Jimmy L. Mitchell, Institute for Job & Occupational Analysis,
San Antonio, TX
Johnny J. Weissmuller, Metrica, Inc., San Antonio, TX
Winston Bennett, Jr., Air Force Research Laboratory, Mesa, AZ
Abstract
As part of the research and development of a prototype internet survey software capable of handling typical occupational analysis (OA) task lists, some research was conducted to explore the possible impacts of the new survey form (internet) on data quality and reliability (Stanton, 1998). The objectives of this research were to find new ways to enhance data collection efficiency, as well as improve data quality. Such improved data collection methods have considerable promise for use in training evaluation, occupational analysis, and as a way to expedite data for emerging decision support systems (DSSs) used in making critical manpower, personnel, and training (MPT) decisions (Bennett, Sego, Teachout & Phalen, 1994; Mitchell, Bennett, & Yadrick, 1993).Since a Behavioral Scientist (AFS 3BSX1b) survey was recently completed by the Air Force Occupational Measurement Squadron using disk-based surveying technology (OASurv), this officer specialty was selected for an experimental study to test the equivalency of Internet surveying. The questions of interest in this experiment involved having all respondents rate major duty areas in terms of which duties they perform and then to present the tasks to be rated either in inventory order (the traditional way) or in descending order of rated importance (omitting those rated as not performed). This presentation order should control for the effects of fatigue on long surveys (i.e., those with many tasks) and should insure that all important duties are rated first. Those rated last would be the tasks where few people perform or where trivial amounts of job time are involved (Weissmuller & Mitchell, 1998). Theoretically, this tailored survey should develop more reliable information and should take considerably less time to complete, thus minimizing the amount of job time invested in survey data collection. Such an approach was used successfully in the recent U.S. Army Enlisted Common Soldiers Task survey to cope with a 900-item task list administered to about 20,000 soldiers.
Experimental Design
Key questions to be answered in this experiment were as follow:
Will Presentation Order Impact Group Job Description?

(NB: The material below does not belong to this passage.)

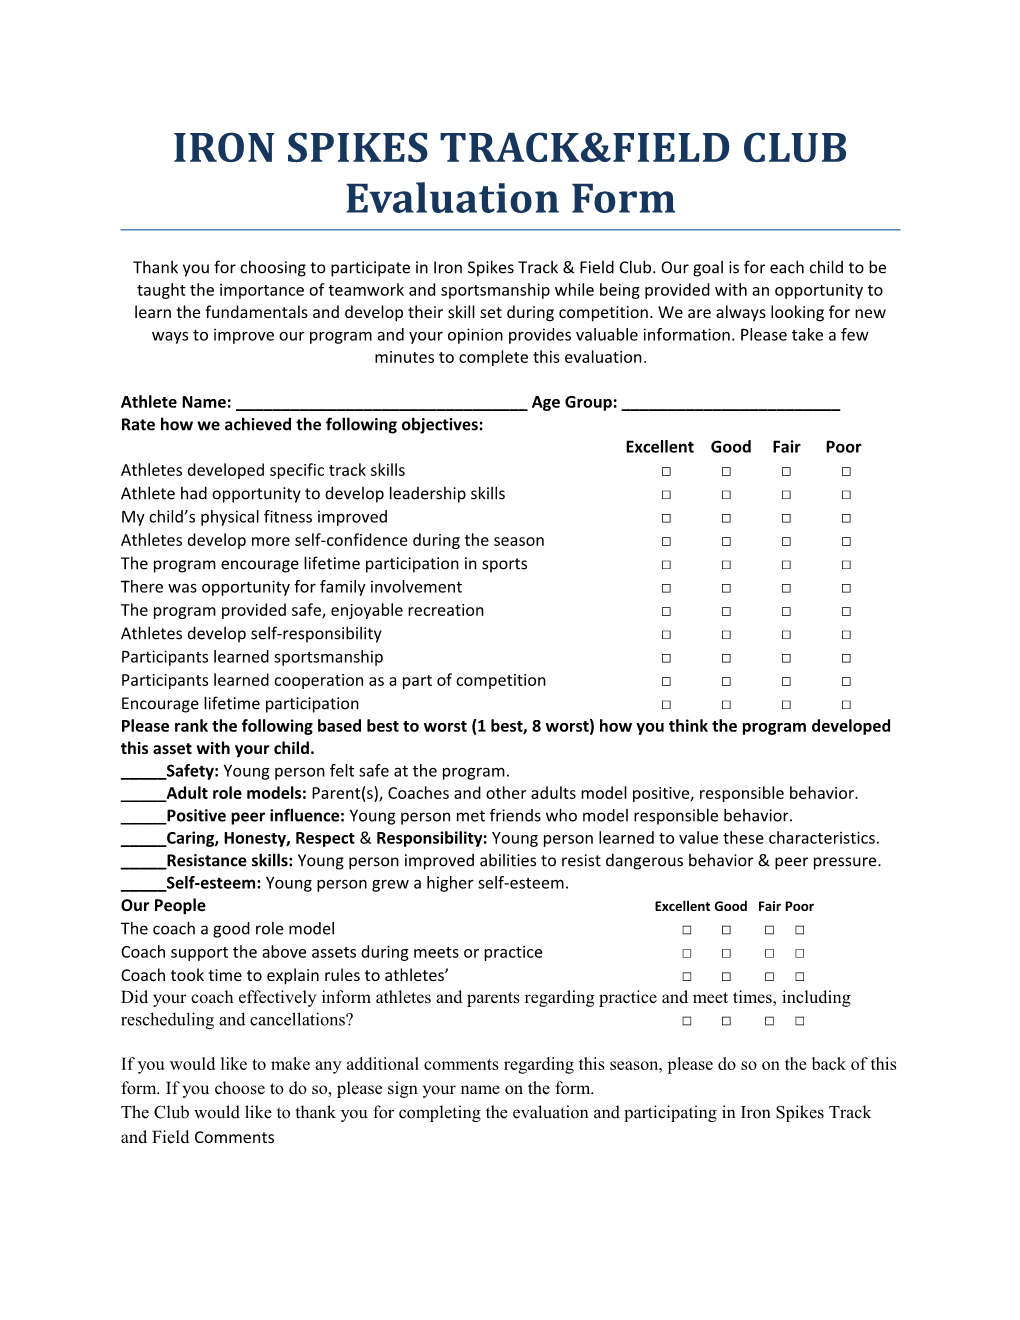 IRON SPIKES TRACK&FIELD CLUB Evaluation Form

Less Time to Complete Survey?
To address these issues, the GenSurv version of the Behavioral Scientist survey was developed to include a random assignment of cases to two different survey forms, one in traditional "Lock Step" inventory order, and one based of descending order of rated importance of duties in present job (i.e., "how much is this duty a part of your job?"). In both forms, the incumbent was asked to rate the tasks in terms of relative time spent (RTS), which is the usual scale used in the Air Force occupational survey program.Can the experiment be done quickly using an Internet Survey? Additionally, some questions were included at the end of the normal survey to assess the attitudes of survey respondents toward the survey in terms of what percentage of their present job is covered by the tasks they rated and how long it took to complete the survey. Provision was also made for survey takers to write-in any comments they wanted about the survey and the experimental process.
Sample
Since this was the first operational data collection using GenSurv, we felt that we should use the study as a pilot test of the software. Thus, the members of the Air Force Occupational Measurement Squadron were ideal subjects for the experiment; they are now the largest single concentration of Behavioral Scientists (military and civilian) in the Air Force. A side benefit would be to let AFOMS members become familiar with the software, which might be used in future Air Force internet surveys. Thus, we included provision for them to record any suggestions they might have about what should be in military internet surveys.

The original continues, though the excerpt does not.